- Assignment
The records below are to be restated word for word, with every picture left out.

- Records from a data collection
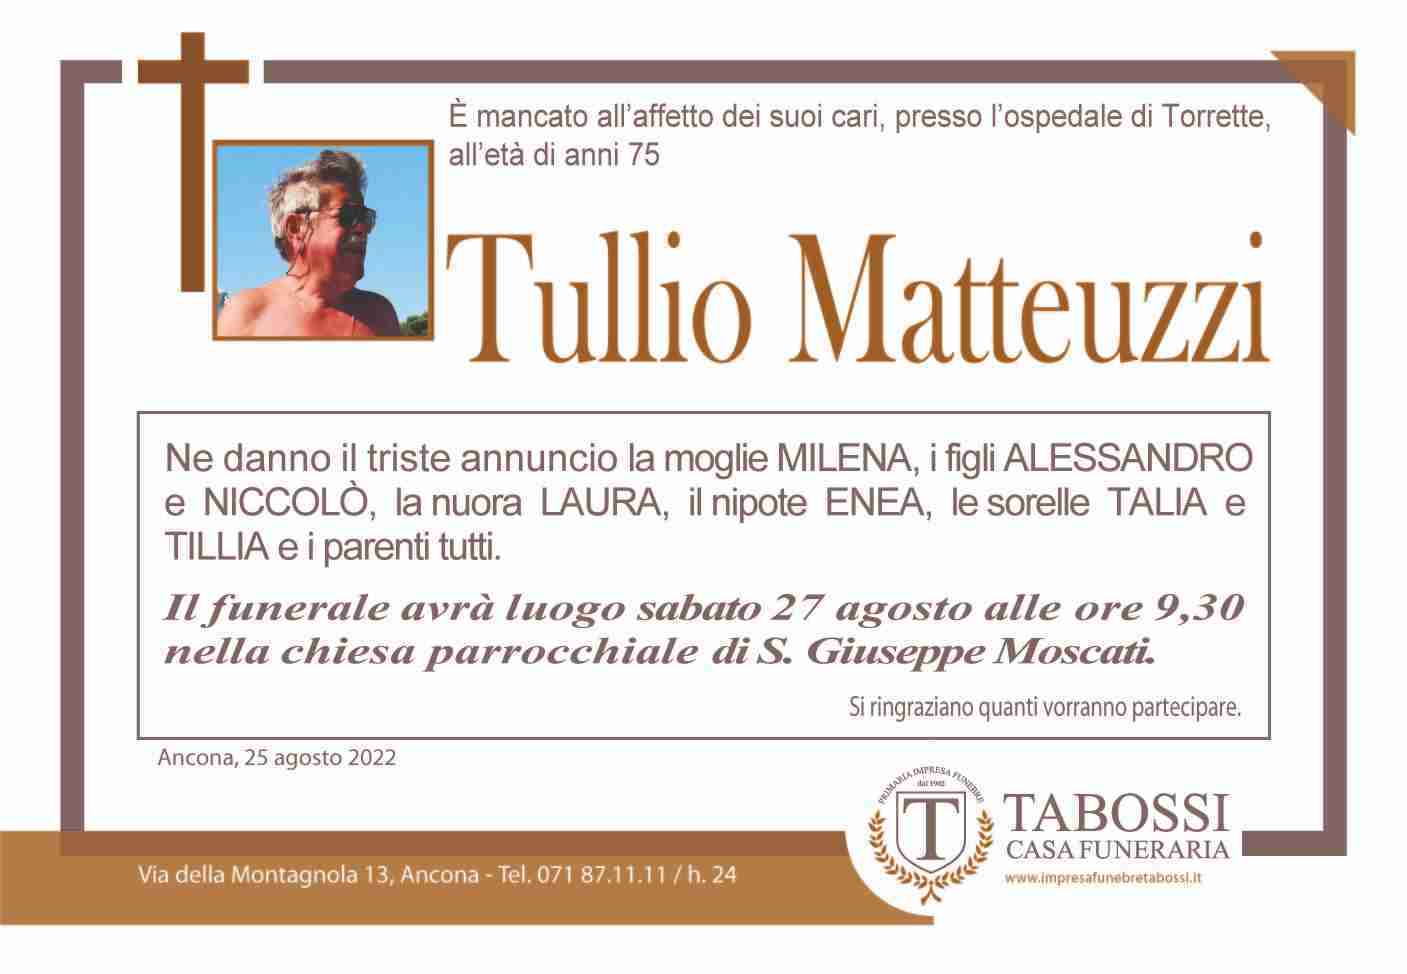 Tullio Matteuzzi
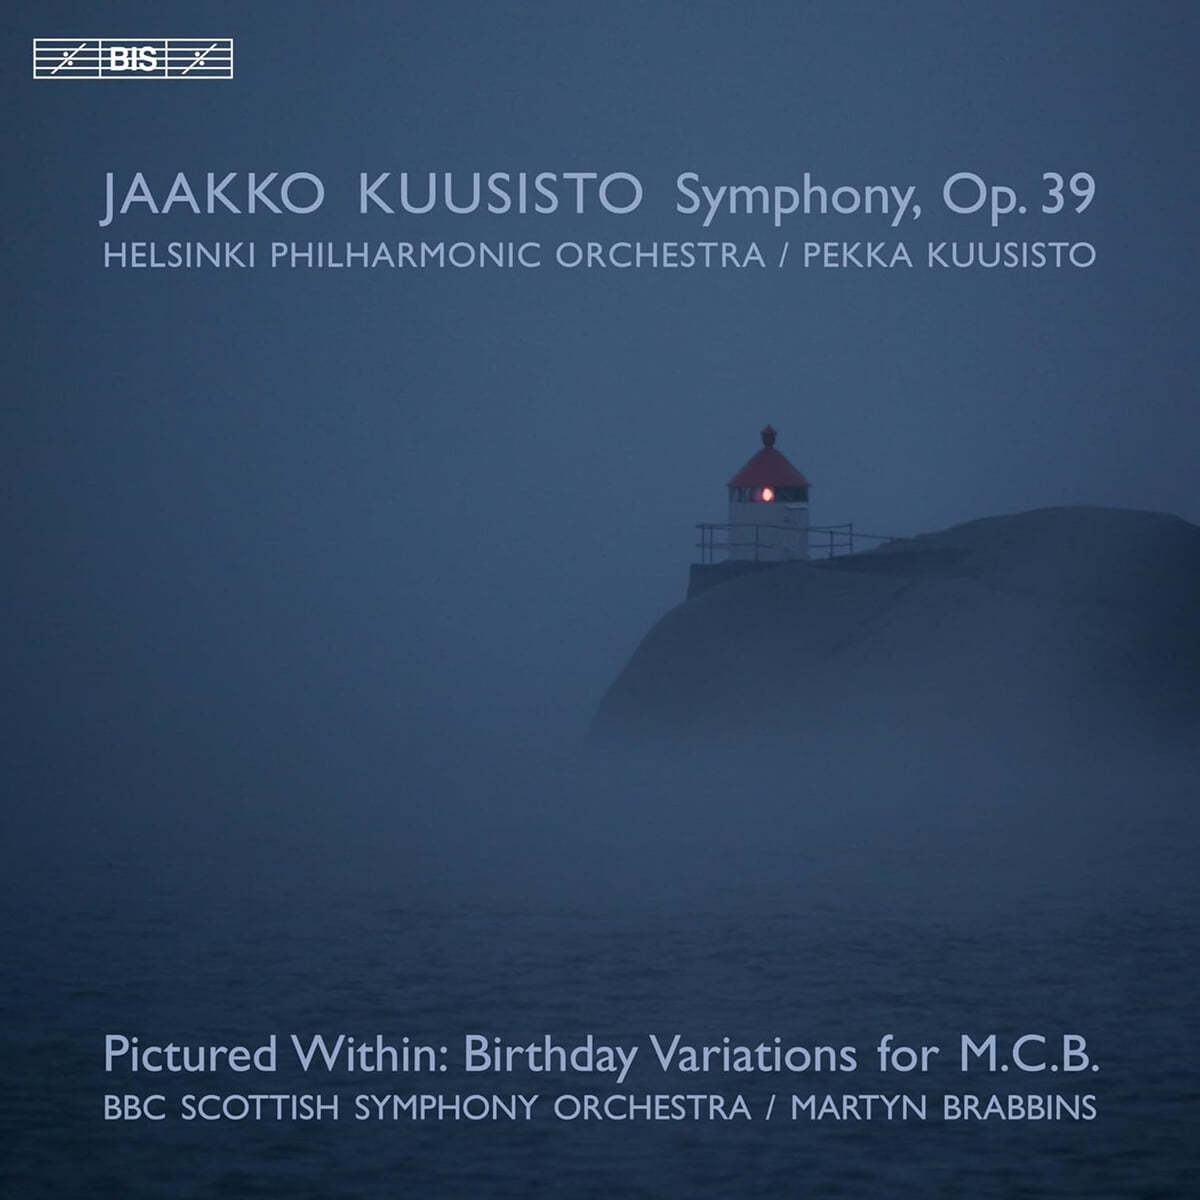 Martyn Brabbins 야코 쿠시스토: 교향곡 (Jaakko Kuusisto: Symphony Op.39)
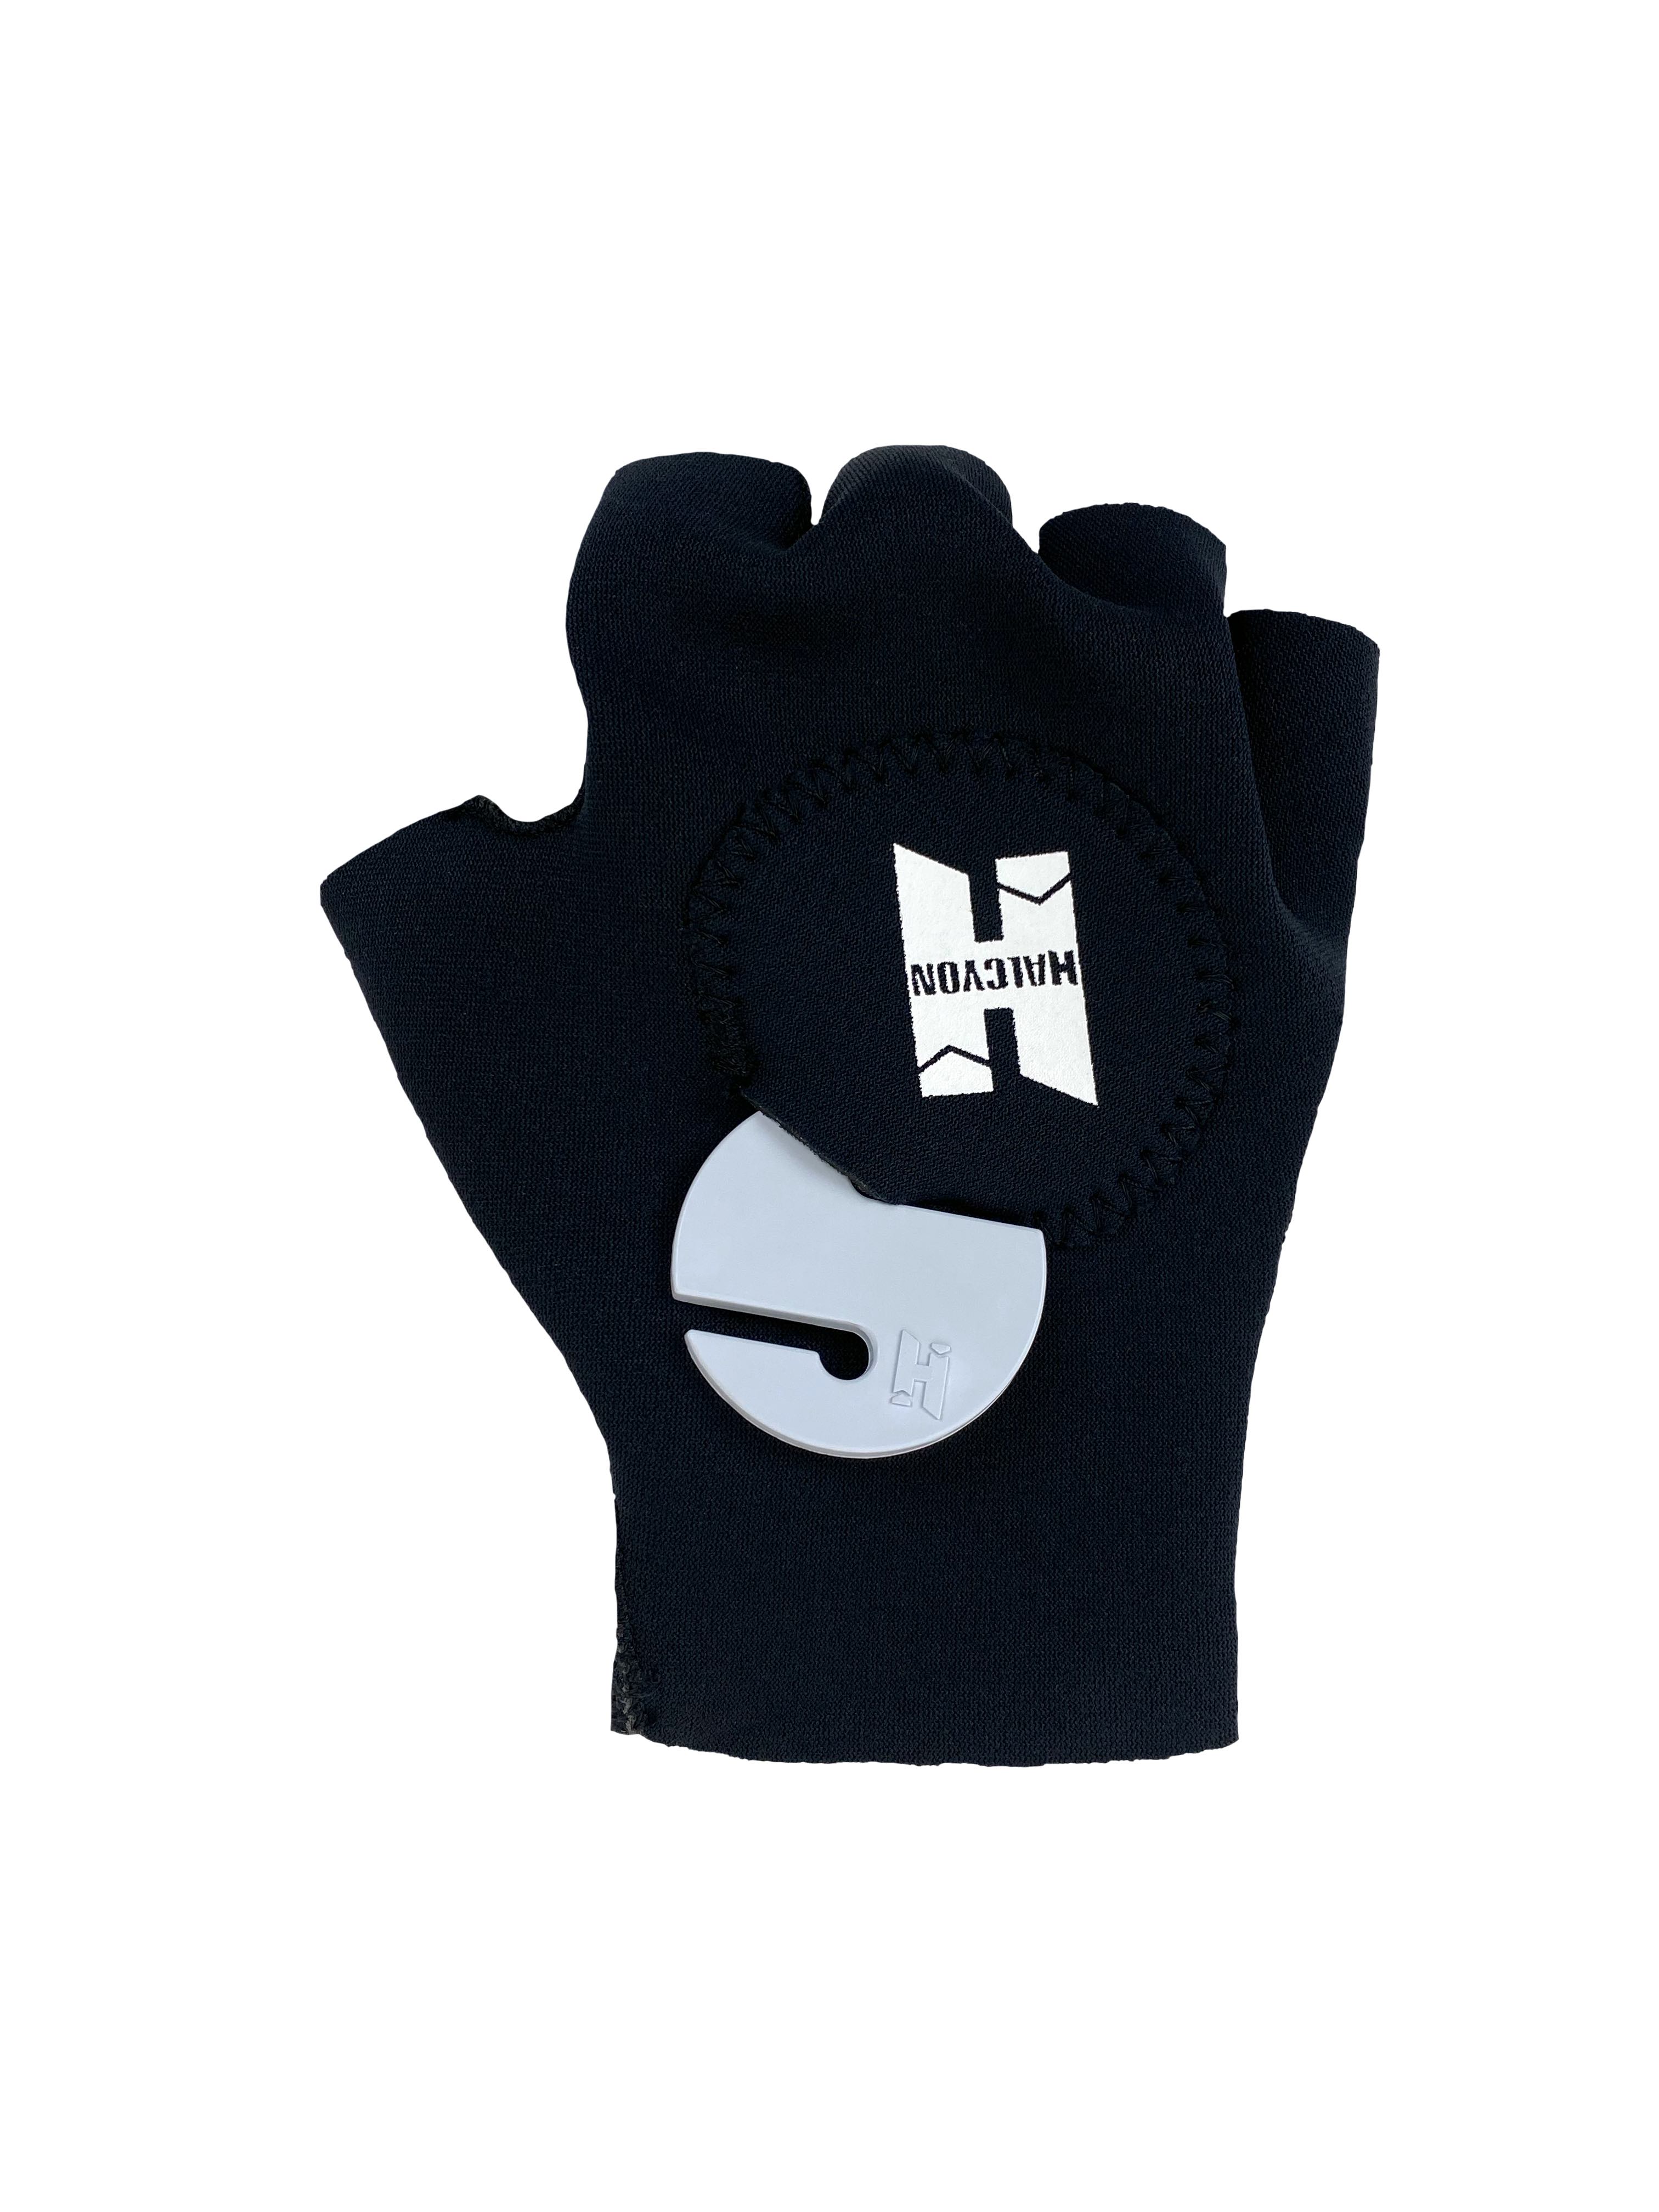 Halcyon Tech Gloves 
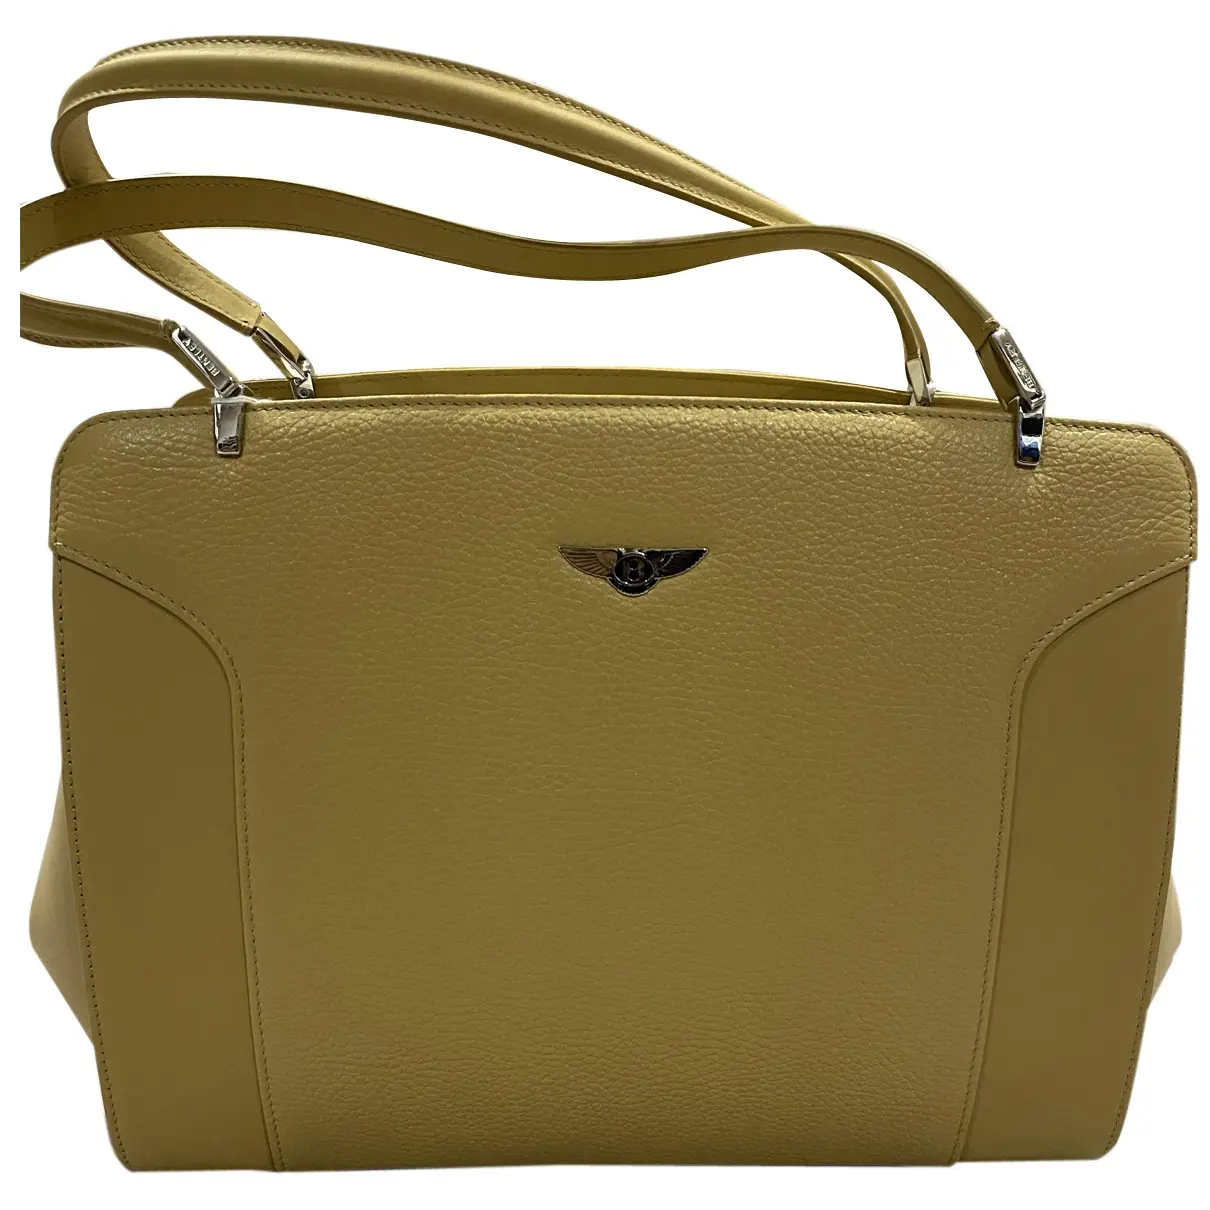 Leather handbag Bentley
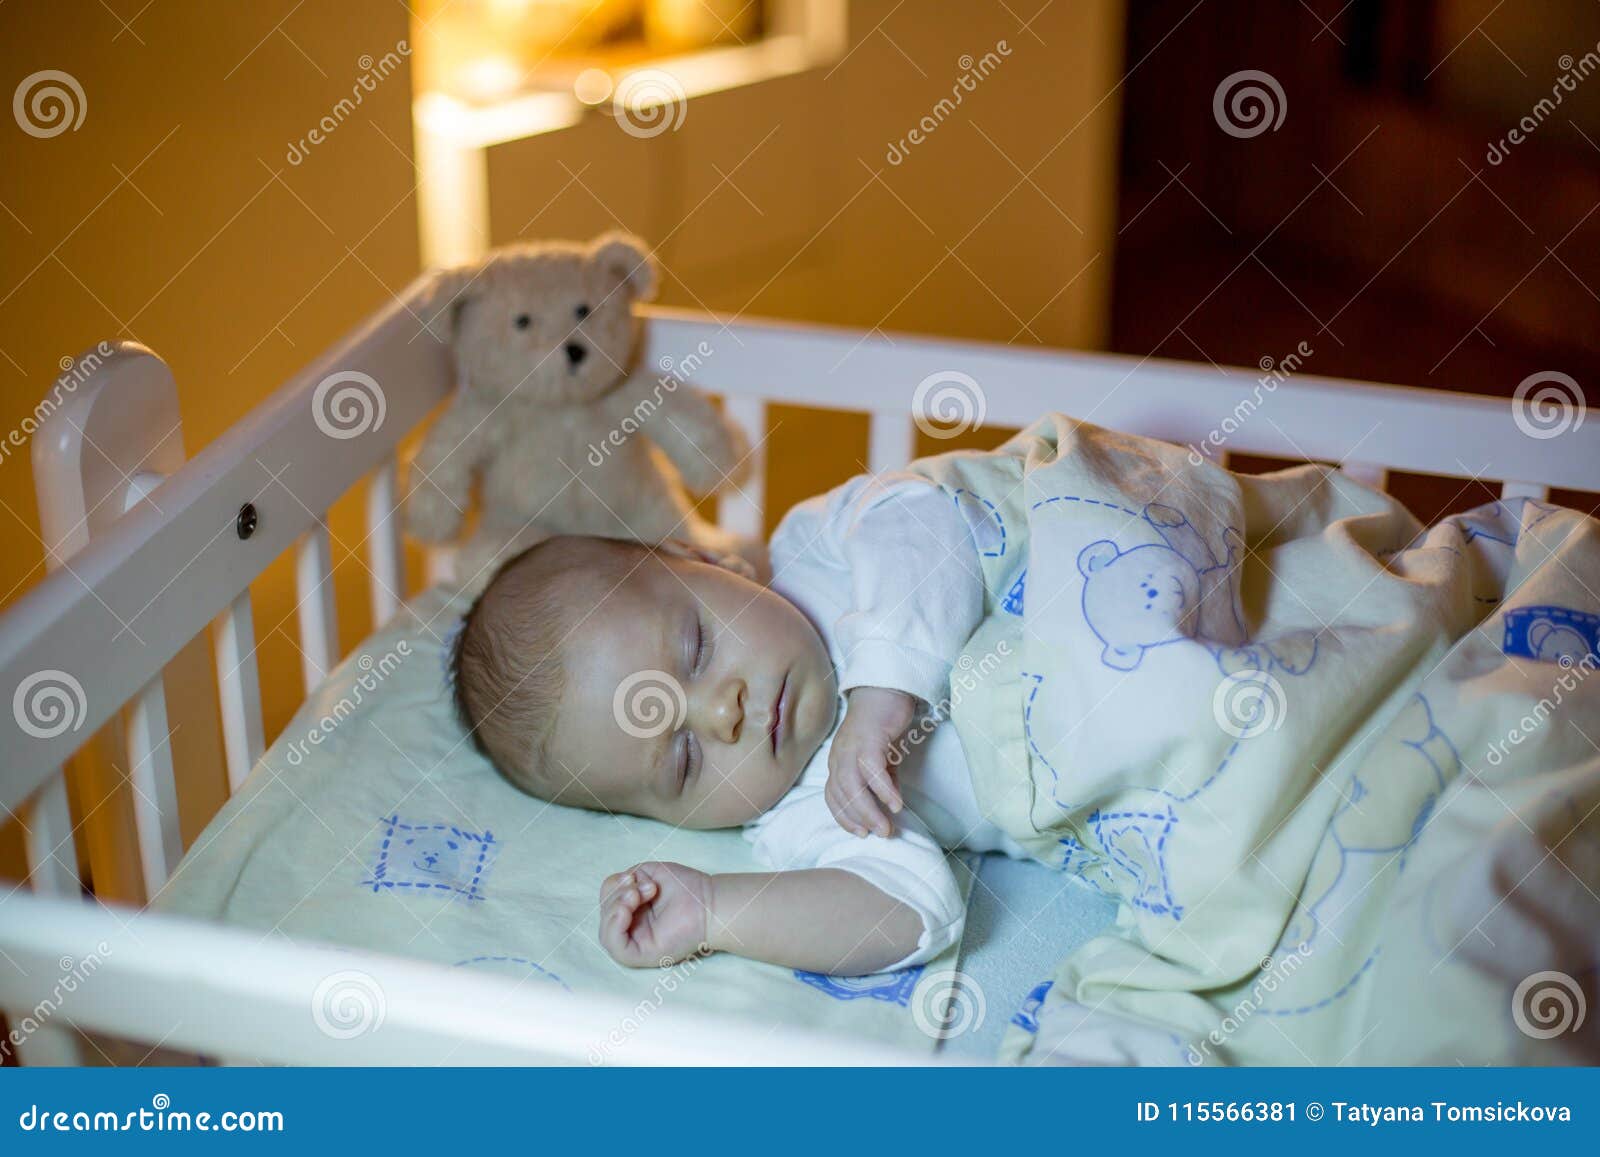 newborn sleeping in crib

- Expected output
 Tullio Matteuzzi
 Martyn Brabbins 야코 쿠시스토: 교향곡 (Jaakko Kuusisto: Symphony Op.39)
 Halcyon Tech Gloves 
 Leather handbag Bentley
 newborn sleeping in crib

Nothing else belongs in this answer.